FOREACH (country IN apoc.convert.fromJsonList(row.production_countries) |
    MERGE (c:Country {id: country.iso_3166_1}) ON CREATE SET c.name = country.name
    MERGE (m)-[:PRODUCED_IN_COUNTRY]->(c)
)

FOREACH (genre IN apoc.convert.fromJsonList(row.genres) |
    MERGE (g:Genre {id: genre.id}) ON CREATE SET g.name = genre.name
    MERGE (m)-[:IN_GENRE]->(g)
)

FOREACH (company IN apoc.convert.fromJsonList(row.production_companies) |
    MERGE (c:ProductionCompany {id: company.id}) ON CREATE SET c.name = company.name
    MERGE (m)-[:PRODUCED_BY]->(c)
)

FOREACH (collection IN CASE WHEN apoc.convert.fromJsonMap(row.belongs_to_collection) IS NOT NULL THEN [apoc.convert.fromJsonMap(row.belongs_to_collection)] ELSE [] END |
    MERGE (c:Collection {id: collection.id}) ON CREATE SET c += collection
    MERGE (m)-[:IN_COLLECTION]->(c)
);

I get this error message:

Cannot merge node using null property value for id (Failure when processing file '/C:/Users/Renato/.Neo4jDesktop/neo4jDatabases/database-efd6656e-a0a8-4575-b51e-bc8fe30c50c9/installation-4.1.0/import/movies_metadata.csv' on line 19732.)

My approach was to identify line 19732 (and to process it alone). And, for my big surprise, it was loaded smoothly. So I tried once again, the entire dataset and again the error message appeared to me.

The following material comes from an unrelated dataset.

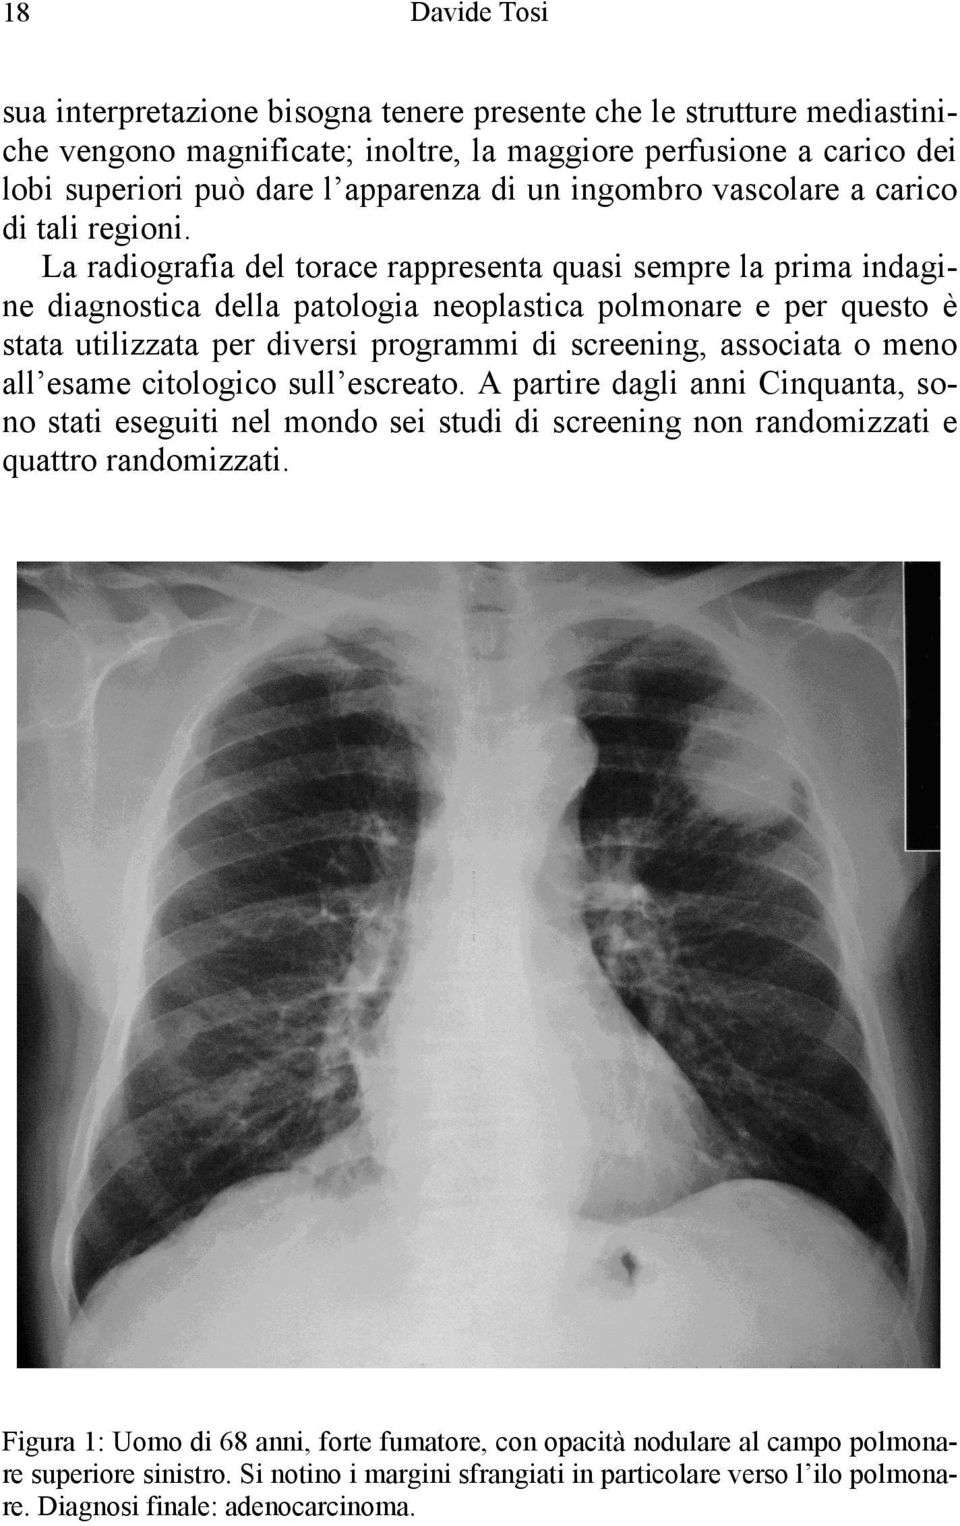 La radiografia del torace rappresenta quasi sempre la prima indagine diagnostica della patologia neoplastica polmonare e per questo è stata utilizzata per diversi programmi di screening, associata o

This time I decided to load from line 19730 to 19735, and they were loaded just fine.

Now I'm stuck, I'm very confused with this unexpected behavior of LOAD CV. It really doesn't make any sense for me.

Thanks in advance.

Hello @renatospaka :slight_smile:

According to the error message, it looks like the id is null, can you check if the line 19732 has an ID?

Regards,
Cobra

Hi @cobra.

Yes, I selected the specific line, plus 3 lines above and 3 below (19729 to 19735) that line, mounted a new file, and loaded it. This smaller file, with 6 lines plus header was loaded smoothly, no issues reported. This is what surprised me the most, after all, if the id is missing in the large file, it would also be missing in the small file.

And, here lies my doubt: how can I be sure I have selected the correct line? I mean, line #19732 could be line #19733 if the header line is included. My impression is the reported error line number is not related to the physical position in the file but to one of the internal cursors. Anyway, it is messy to understand this situation.

Can you open the CSV file in an editor to check if all lines have an id? For example, in Excel you can import a CSV and you will can see quickly if an ID is missing.

Sure, I did that. Not the entire file, because it has 45K lines and Excel would take an entire life to load all of it. But I checked the exact line the message is highlighting and 3 above and 3 below. There is no problem with the id itself.

And another odd thing: the error msg points to line 19732. However, as soon as the error occurs, I execute the below query, and the # of nodes is higher.

// What kind of nodes exist
// Sample some nodes, reporting on property and relationship counts per node.
MATCH (n) 
RETURN
DISTINCT labels(n),
count(*) AS SampleSize
labels(n) SampleSize
["Movie"] 19492

The difference is 240. Is a huge difference. Nevertheless, I loaded both lines plus 3 above and 3 below of lines #19493, #19732, and, again, the smaller file loads with zero errors.

Can you share the CSV file?

1 Like

Hi Renato,

I've been getting the same error message when I attempt to merge a set of new nodes and relationships. Do you also have constraints set on your database before using "LOAD CSV"?

Hello @cobra.

The csv file is huge - 45K, but you may download it from Kaggle. There are 8 files, summarizing 900M. The script file to load data is below:
load.cypher.txt (4.0 KB)

Anyway, I figured out what was wrong and it took me a lot of time. The problem, you are correct, is that id field is null for 180 lines, with layout missing or broken, due to description fields have at least one linefeed character in the text, so the lines got split in two or more (there is a case with six new lines for the same id) and caused the misread of the procedure.

It was tricky to locate these lines among 44892 lines, only 180 caused an issue. And due to the size of the file, Excel wasn't able to filter those lines, forcing me to open the entire file in Textpad and search manually. If you figure a better way, do tell me, the way I did isn't either effective neither fast.

Best regards

Hello Eric

Yes, the 1st thing the script does is to create constraints in the database. However, this is not my decision, I just fork it from Github.

Good job @renatospaka, next time, you could create a little Python script and use Pandas, it will be more easier :slight_smile:

Yeah, I need to get my studies back to the road again. But, it would be too much. Currently I am learning nodes/nest, react & neo4j.

Abração.